Skeptophilia (skep-to-fil-i-a) (n.) - the love of logical thought, skepticism, and thinking critically. Being an exploration of the applications of skeptical thinking to the world at large, with periodic excursions into linguistics, music, politics, cryptozoology, and why people keep seeing the face of Jesus on grilled cheese sandwiches.

Friday, March 30, 2018

No admission

Let's establish something right from the outset.

Vaccines do NOT cause autism.

Clear enough?  If you are in any doubt, here's a site that provides links to exhaustive studies and meta-analyses that not only show no causative relationship between vaccines and autism, but that there is not even a correlation.

I.e., Andrew Wakefield was lying, and the anti-vaxxers are willfully putting their own children at risk of potentially deadly diseases that are entirely preventable.  As I've said now about 582 times.

The reason this comes up yet again is a webpage that I've now seen posted three times, with the title, "NOW IT'S OFFICIAL: FDA Announced That Vaccines Are Causing Autism!"

The article goes on to say the following:
You may be wondering: Why some of the doctors don’t say anything about the risk of DTaP Vaccine? 
That is a question that many of us, still wondering! Maybe they just is just not convenient for them that we know about the risk of these vaccine. 
To take the vaccine debacle further, most of the mandated vaccines for infants and children, contain many of the above ingredients, which must be stopped from being injected into infants, toddlers, teens and even adults! 
It’s time for Congress to rescind the “Get out of Jail Free” card for vaccine makers and stop the aggressive onslaught of the Autism Spectrum Disorder that is depriving children of a fulfilling life and ruining families emotionally, financially, and physically to the point of parents divorcing because of the stresses of ASD in a family.
The reason that "some of the doctors" (exclusive of frauds like Andrew Wakefield) aren't saying anything about the risk of autism from DTaP and other vaccines is that there is none.  There may well be kids who were diagnosed as autistic following their vaccinations; after all, most vaccines and most autism diagnoses both occur during early childhood.  But to associate the two is the Post Hoc, Ergo Propter Hoc Fallacy -- "after this, therefore because of this."

Let me say it again: multiple studies with huge sample sizes have found that the incidence of autism is no higher in vaccinated children than it is in unvaccinated children.  And vaccinating your children will keep them getting diseases like diphtheria, which back in the days before immunization, killed children by the thousands by making them, literally, slowly suffocate to death.

[image courtesy of the Wikimedia Commons]

So needless to say (or it should be), the FDA didn't announce any such thing.  If you bother to read the article, or (better yet) take a look at the FDA post that generated it, what you find is that the information the government published on the DTaP (diphtheria, tetanus, and pertussis) vaccine listed autism along with a dozen or so "reported adverse effects" -- but then said, and I quote, "Because these events are reported voluntarily from a population of uncertain size, it is not always possible to reliably estimate their frequencies or to establish a causal relationship to components of Tripedia vaccine."

The important part is "reported voluntarily."  In other words, all you'd have to do is have a single parent call the FDA and lodge an official complaint that their child became autistic due to the DTaP vaccine, and it would be justifiably included on this list.  Nowhere does it says that the claim -- any of them on the list, in fact -- had been evaluated by a physician, or even confirmed to be the truth.  This isn't even at the level of anecdote.

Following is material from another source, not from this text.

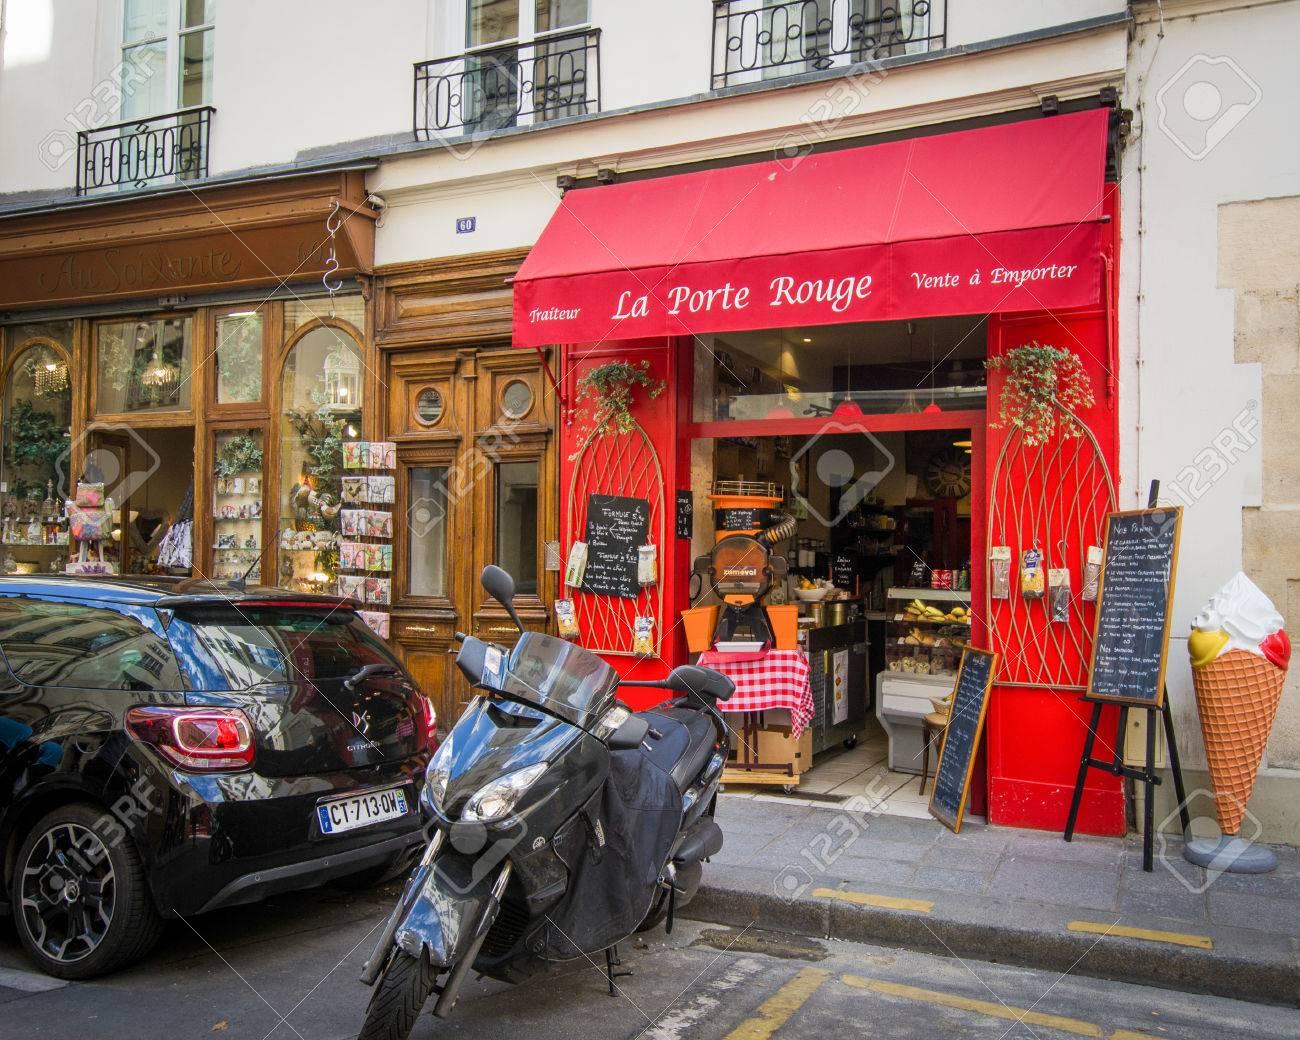 Paris France August 15 2015 La Porte Rouge Is A Tiny Italian

This is at the level of "my aunt's best friend's gardener's second cousin's third-grade teacher said it was so."

If you think that I'm just a blogger with an axe to grind on this topic -- not entirely untrue, I must admit -- here's the piece that Snopes did on the subject.

It's unfortunate the FDA did that -- not that I'm in favor of suppressing information, bear you, but the last thing we (or they) really need is the anti-vaxxers to come howling out of the woodwork.  Not that they ever gave up, really, and it's amazing how much their campaign has worked, even among people who are otherwise pretty sensible.  I've seen more than one person claim they'd never get a flu shot because the year before, the vaccine gave them the flu (impossible, as the flu vaccine contains dead virus particles) and that there's no way they'd have their child receive the HPV vaccine because it can potentially cause brain damage (total bullshit, and especially horrifying given that the eradication of HPV would virtually eliminate the risk of six different particularly deadly cancers).

The message should be loud and clear.  Claiming that the risks of vaccination outweigh the benefits, or that the risk is even significant, is quite simply wrong.  Refusing to vaccinate your own children constitutes child endangerment, not to mention putting at risk children who can't receive vaccines for legitimate medical reasons (e.g. having a damaged immune system).

This debate is over.  It's time for the anti-vaxxers to stop screeching about coverups and shills and conspiracies by Big Pharma, and admit that they were wrong from the outset.

And along the way, admit that this has never been about evidence; it's about irrational fear and a never-say-die adherence to personal bias.